Tout cependant, et il fallait s'y attendre dans ces notes de fortune, n'est pas de la même qualité, du même intérêt. Il faut avoir la franchise de le dire. Les légendes des brigands de Finges, du chasseur du Simplon ou du dragon de Naters sont assez décolorées et ne nous apprennent rien que nous ne sachions depuis longtemps. Bien des observations sont un peu courtes : à peine un coup d'œil distrait ou un coup de chapeau banal, en passant, à l'église de Rarogne, ou, de l'extérieur, au « palais Pitti » des Stockalper. D'autres sont bien minces. Sous le prétexte d'un carnet de route, c'est trop souvent les plus minuscules incidents de route aux­quels on s'arrête : Les trois décis pris à Gampel, la marque des bicyclet­tes et la réparation faite à Viège, les figues achetées à Glis, le chat ca­ressé ou le chauffage central visité à l'hospice, ou même (salva reveren­tia) la colique sur la route du Simplon, tout cela ne s'impose pas comme une évidente nécessité ni comme des faits notables pour le lecteur, puisqu'enfin c'est bien à lui qu'on destiné ces notes.

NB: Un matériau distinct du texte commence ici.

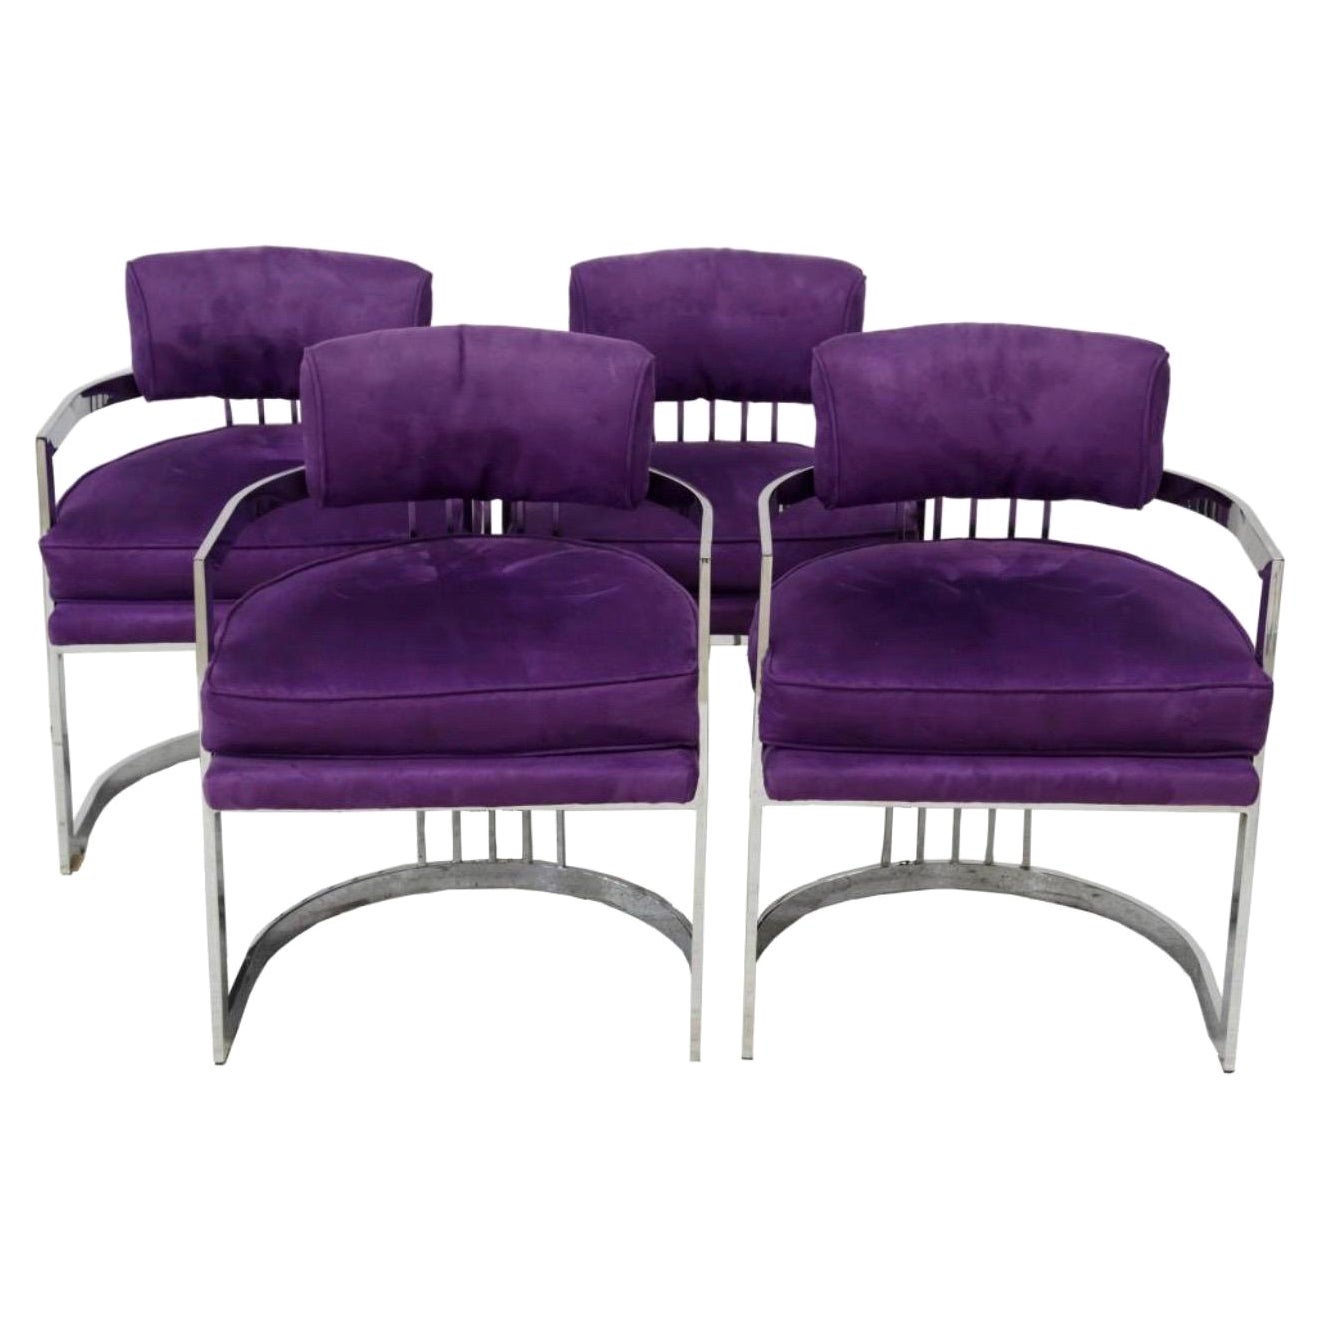 4 Milo Baughman Chrome Chairs in Purple Upholstery

Mais, parbleu, c'est précisément, n'est-ce pas ? l'aimable paresse et la fantaisie des vacances, où l'on roule comme on veut, avec la griserie de faire et de dire ce qu'on veut, et même de faire un peu le fou. Tant pis s'il y a du déchet. Les haltes du chemin sont brèves, on n'a que le temps de crayonner : Et l'on est ravi de crayonner parfois, en marge, une bla­gue. Car surtout, je vous l'ai dit, C. A. Cingria est un enfant terrible. Il se moque du style appliqué et policé, autant que des ouvrages trop bien composés selon les recettes des manuels ; il a son originalité et va gail­lardement. Il ne lui déplaît pas de heurter, de dérouter un peu les bonnes gens, de refaire les Voyages en zigzag en plus sarcastique, en mêlant les négligences aux plus certaines beautés, les éclairs aux scories. Ses jon­gleries sont d'ailleurs souvent des trouvailles, et bien savoureuses. Ce n'est pas pour rien qu'il a donné pour sous-titre, à son itinéraire haut-va­laisan, ou la julienne et l'ail sauvage. C'est la forme particulière de son curieux talent, qui fuse par fulgurantes étincelles, mais ne recule pas de­vant les sentiers rocailleux. On l'aime parce que ses réussites ont la force singulière et le rayonnement étrange du beau paysage que nous avons cité 1.

I M. Cingria me permettra bien de lui chercher — tout amicalement — une petite querelle. D'autant plus qu'elle le dépasse et qu'elle est d'un intérêt général.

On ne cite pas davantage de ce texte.